Columnists, Sports

4th and Inches: Snyder sells Commanders… finally


“Sell the team! Sell the team! Sell the team!” 

Through the crowd noise and the announcer’s voice booming through the loudspeakers, through the music circulating the stands, it’s the chants of “Sell the team!” that power through the noisy ambience of FedExField.

Haley Alvarez-Lauto | DFP Staff

For the past few seasons, those with the means to land a ticket to watch the Washington Commanders compete on their home turf could count on hearing that chant. Even those watching from the comfort of their own home were likely to hear the chants overpower the broadcast at some point during the game.

Joe Buck and Jim Nantz can probably confirm.

However, it wasn’t the fans who needed to hear the chants. It was the man with the power who needed to hear it: the man sitting in his luxury suite, closer to the clouds in the sky than the players on the field.

Now, after years of pleading, fans of D.C. football can finally breathe a sigh of relief and give their vocal cords a rest. 

Dan Snyder has reached an agreement to sell the Washington Commanders. 

Snyder bought the then-Redskins in 1999 and has led the team to countless seasons of mediocrity and disappointment. 

With Snyder at the helm, Washington football fans have experienced more team names (3) than playoff wins (2).

Snyder has fostered a degree of notoriety that rivals the most hated figures in sports history. If being loathed was a sport, Snyder would be in the Hall of Fame. 

Now, Snyder has reached an agreement to sell the Commanders to a group led by billionaire businessman Josh Harris.

All reports point to a price tag north of $6 billion — yes, six billion, as in a six followed by nine zeros. 

The purchase, if and when approved by league officials, would immediately become the most expensive purchase of a sports franchise in U.S. history. 

Snyder’s tenure as owner is not only characterized by on-field failure, but numerous scandals off it as well. In a recent article, The Athletic compiled a timeline of the allegations against Snyder and the Commanders. 

The timeline mentions bank fraud, withholding important information from congressional committees and sexual assault allegations dating back to 2009. 

Considering his incompetence as an owner and appalling acts as a human being, it’s a shock Snyder lasted so long as an NFL owner.
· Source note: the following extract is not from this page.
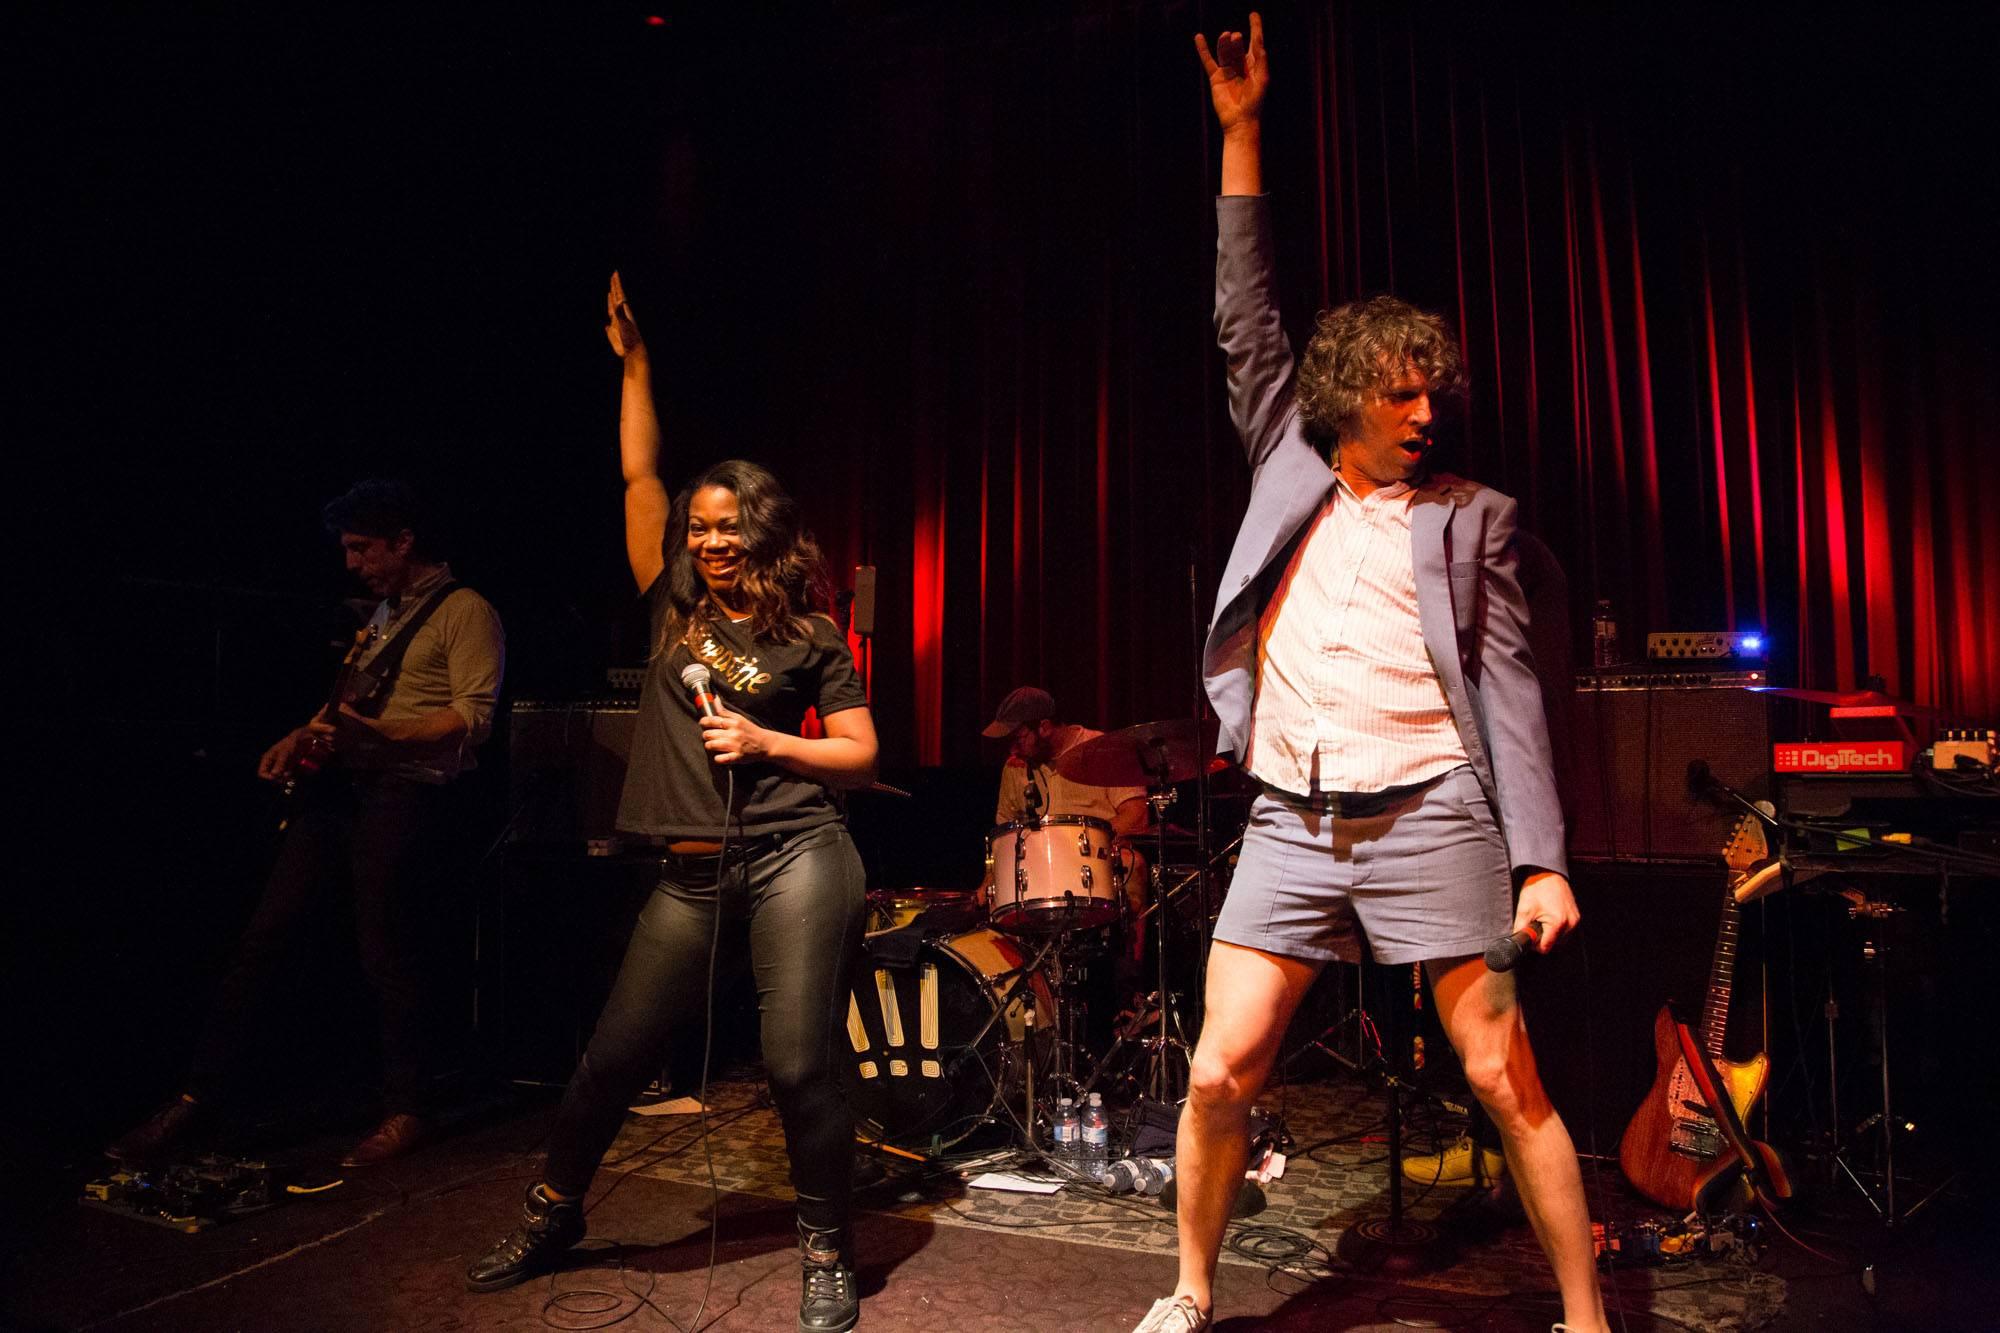 !!! (Chk Chk Chk) at the Fox Cabaret, Vancouver, June 27 2017. Kirk Chantraine photo.

Every time the franchise seemed to take a step toward redemption, a report detailing a new Snyder calamity would set them back tenfold. 

When Snyder hired Ron Rivera as head coach in 2020, the culture started to shift. Players were competing harder on the field and the workplace environment drastically improved. 

Although Washington hasn’t had major success under Rivera, there is a noticeable difference in how the franchise operates. 

Jason Wright, the president of the Commanders, was hired around the same time Rivera was. Like Rivera, Wright has played a major role in repairing the franchise.

However, there is only so much the duo can do when they have to answer to Snyder. While both have been diplomatic with their comments to the press regarding their boss, it’s obvious they have limited power and abundant frustration.

When reports surfaced detailing the sale of the franchise, Rivera told USA Today Sports that he felt a sense of relief. 

The new ownership group is likely to hire a new coaching staff, but the turnover won’t happen for the upcoming season. Rivera and Wright will have a season to prove just how much they can impact the franchise without Snyder obstructing any progress.

Now, with Harris taking over, Commanders fans around the world should be celebrating as if they beat the Cowboys. 

Harris is a co-owner of the Philadelphia 76ers and the New Jersey Devils. Most importantly, he isn’t Snyder. 

Harris has a history of philanthropy and has shown a willingness to invest in social justice initiatives. He’s also the type of owner to invest in his team both financially and emotionally. 

In the early-to-mid 2010s, the 76ers went through a rebuilding phase. Harris embraced the “Trust the Process” mentality made famous by NBA All-Star Joel Embiid. Through calculated hirings and patience, Philadelphia has become a consistent playoff contender in the NBA. 

While Harris might only be a minor reason behind the success of the 76ers, it proves that a franchise can have success under a Harris regime — something Snyder has never been able to accomplish. 

Harris isn’t officially the owner of the franchise yet, but it’s impossible to overstate just how important this potential sale is. It’s monumental for a fan base who has felt helpless and perpetually disappointed by both the ownership group and the team’s on-field play. 

There’s a new era on the rise for D.C. football. For Washington fans, that’s cause for major celebration.